Sunday, September 21, 2008

Sky is the limit for Mnesia

Until recently the biggest Mnesia flaw was its storage limit. It is not the fault of the database system, since Mnesia itself can handle data of virtually infinite size. The main problem lays in an outdated Erlang term storage engine called DETS, which is slow and uses 32-bit offsets (it limits single file size to 2GB). DETS could be a perfect fit for the famous AXD301 ATM switch, but is certainly not for modern web development. A few times I had to drop Mnesia in favour of Hbase to serve data and use Jinterface to make it communicate with Erlang code, which served application logic.

But those times are finally over. Thanks to Joel Reymont and the Dukes of Erl you can now use Tokyocabinet engine as a storage for Mnesia. What is the most exciting about this solution is that it is completely transparent to your application - only creating a table looks a bit different:
Table = testtab,
    [{type, {external, ordered_set, tcbdbtab}},
     {external_copies, [node()]},
     {user_properties, [{deflate, true}, {bucket_array_size, 10000}]}]).
You also need to start tcerl before running Mnesia:
and synchronize table data with disk before closing Erlang, if you don't want to loose some of your data:
Port = mnesia_lib:val({Table, tcbdb_port}),
To sync all existing Mnesia tables you can use the following function:
F = fun(T) ->
            case catch mnesia_lib:val({T, tcbdb_port}) of
                {'EXIT', _} ->
                Port ->
Tabs = mnesia_lib:val({schema, tables}),
lists:foreach(F, Tabs).
All other common operations, like reading and writing data, transactions, etc., don't need to be changed. You can learn more by looking at example provided with the library.

I managed to make ejabberd (one of the best Jabber/XMPP servers around) to run on Tokyocabinet, only with changing a few lines of its code. Now I'm on my way to make Mnapi work with it. Thank you guys!!!


Jay said...

How reliable do you think this is, though? Does it meet the Erlang community's expectations of total rock-solidness?

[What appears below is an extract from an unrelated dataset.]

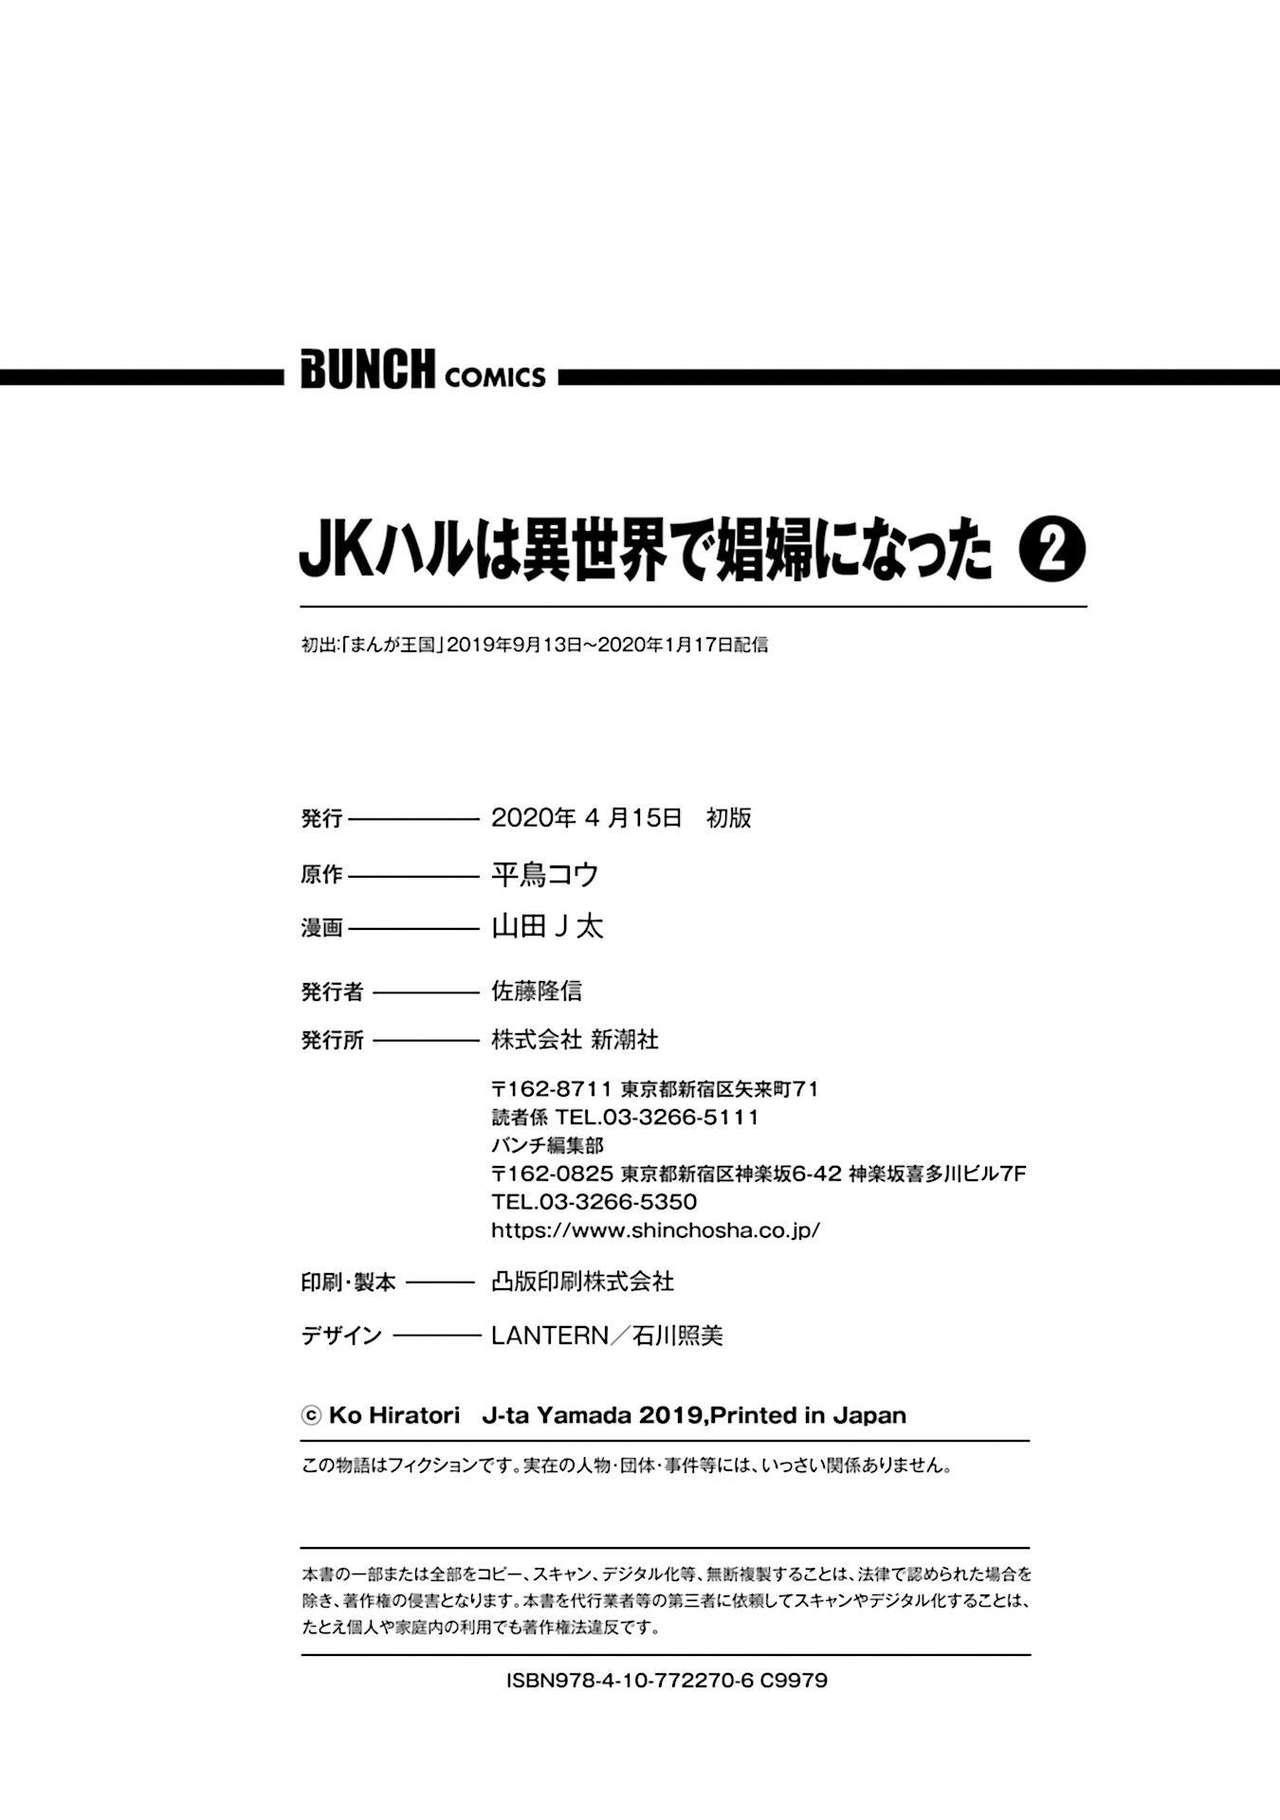 JK Haru wa Isekai de Shoufu ni Natta 1-14 348

Krzysztof (Christopher) Kliś said...

Erlang reliability arises mostly from the fact that it depends only on itself and nothing more. Introducing external mechanisms always creates some risk of side effects.
As far as the Erlang part is concerned - yes, I believe it is reliable, since all database logic depends on Mnesia and it has proven reliability. So you can be sure that at least all database operations are correct.
On the other hand the storage itself is provided by Tokyocabinet and you have to trust it about data consistency and correctness. However, I made several stress tests pumping concurrently millions of records into Mnesia running on tcerl and didn't run into any problems with data consistency. I also managed to run a patched ejabberd on production system where it handles an inter-process communication and didn't run into any problems either.

Ulf Wiger said...

Dets is certainly good enough even for the modern successors of the AXD 301, the main reason being that these are signaling nodes with very modest requirements on persistent storage - mnesia disc copies (i.e. ram+disk and not dets at all) are used only for configuration data. But sure, there are lots of other application domains where an upper limit of 2 GB per table fragment is nothing to brag about. (:

The most interesting tests of tcerl would be restart and crash scenarios under high load. Turning the power off and on again is an old favourite. Tcerl hooks into mnesia's commit logic, and that means that there is no means of rollback if something goes wrong (I believe mnesia will simply "dump core" instead) - the Tokyocabinet stuff simply has to work. Also, mnesiaext modifies mnesia's table loading logic, so trouble during distributed table load would be something to watch out for.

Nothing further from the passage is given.